Some of these products can be injected into precompiled apps using "codeless attach" methods, and this works... okay at best.

So SysOps takes your code, layers on an APM, sees a long list of potential issues... and the developers "don't care" because they think that this is a SysOps thing.

But if the developer takes an interest and is an involved party, then they can integrate the APM software development kit, "enrich" the logged data, log user names, internal business metadata, etc... They log on to the APM web portal and investigate how their app is running in production, with real-world users instead of synthetic tests, with real data, with "noisy neighbours", and all that.

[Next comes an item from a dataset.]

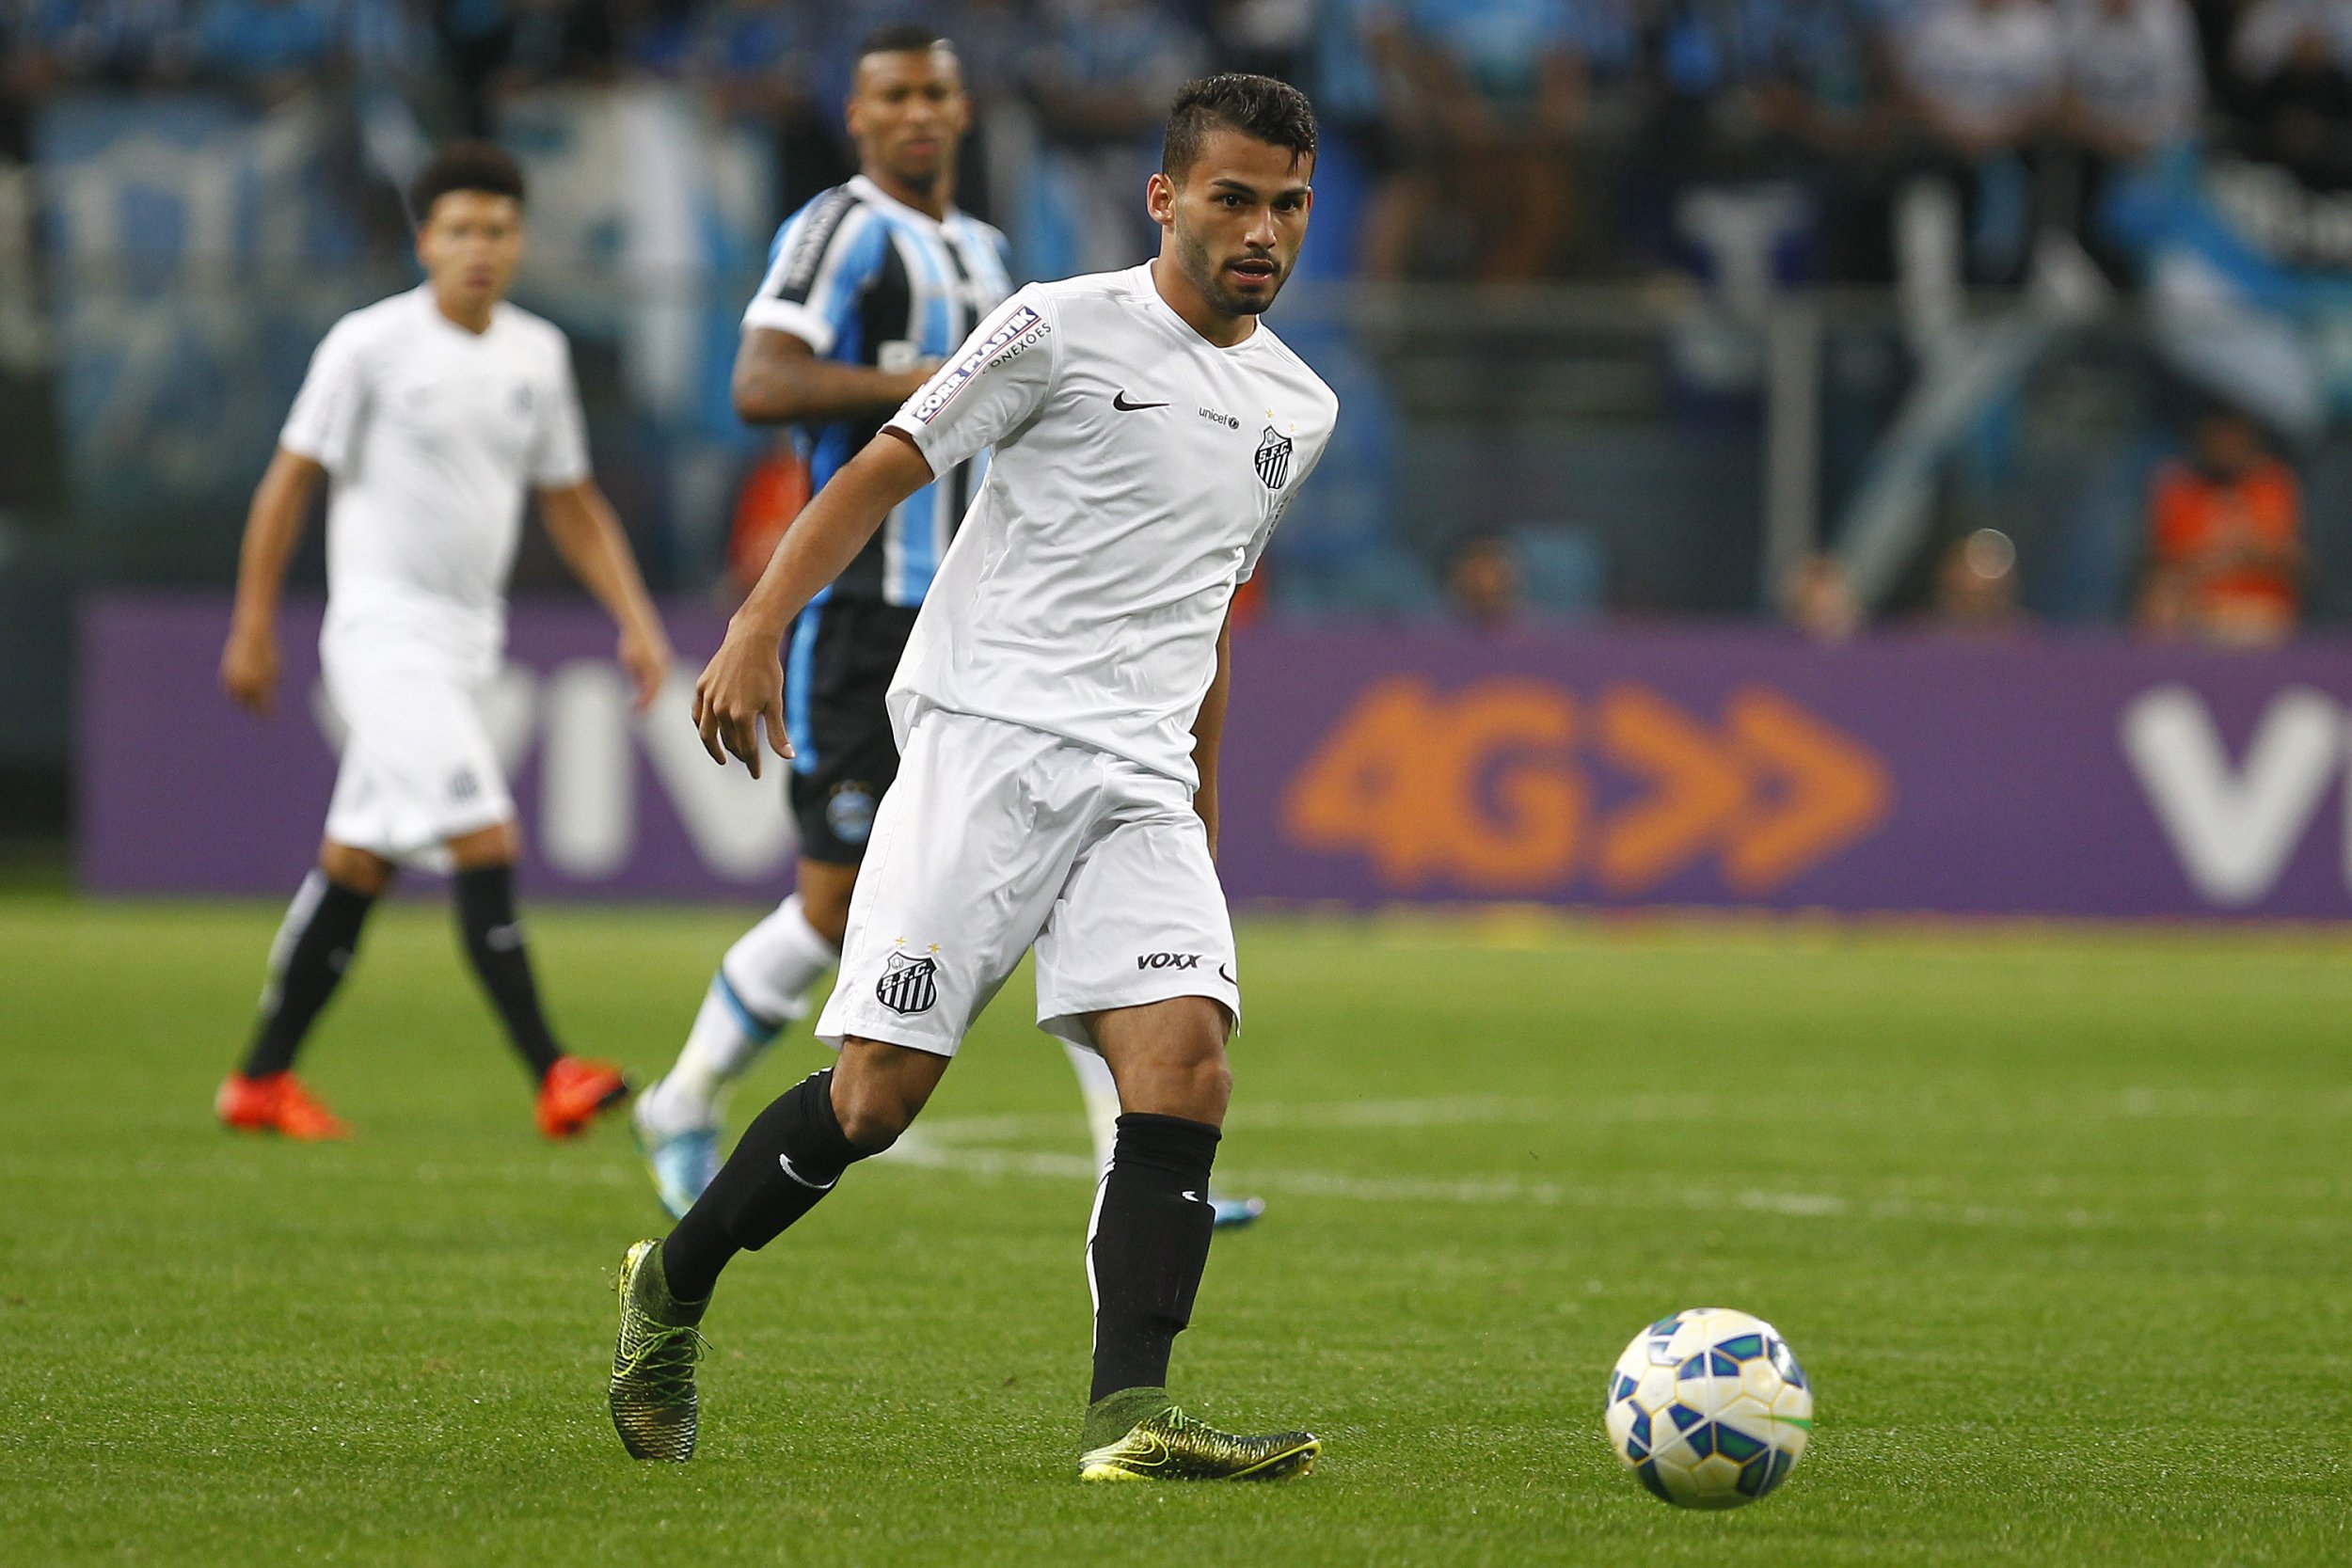 Thiago Maia is a reported target for Manchester United.

Now if Bob's queries are slowing down the entire platform, it's a trivial matter to track this down and fix Bob's custom report SQL query that is sucking down SELECT * FROM "MassiveReportView" and killing the entire server.

Troubleshooting, performance, security, etc... are all end-to-end things. Nobody can work in isolation and expect a good end result.

DBAs don't necessarily need telemetry in an app to diagnose an issue with the app's behavior. They can run a trace and see some SELECT is running a thousand times a second and deduce that it's being called in a loop over the result set of an earlier query. And they'd be right to say hey, this is an app issue, open a ticket with the developer.

If you put that responsibility on the developer--meaning you expect the dev to diagnose an issue that they introduced in the first place--what kind of result do you think you're going to get?

Layering these demands takes away from the overall quality of the application in my experience. You want an app developer to learn all about Prometheus so the app can have an endpoint with all these custom metrics, okay, and you want structured logging and expect the dev to learn how to use Kibana effectively? All that's a huge cognitive burden that eats a slice of the same pie (their brains) as domain knowledge, language & runtime knowledge, etc.

Get maybe one app developer to specialize, get maybe one app developer to cross-train with ops or monitoring even. But leave most of us out of it.

When you flip that expectation of developer involvement in operations, it exposes how unreasonable that arrangement is. Hey, DBA, the app is sucking up resources. Why don't you crack open an IDE and write a patch for it? What do you mean you don't know Go, what do you mean you don't use Git? Every DBA should know how to attach a debugger to a remote process, shouldn't they?

It's just exploitative. Or at least that's been my experience, so there's my bias.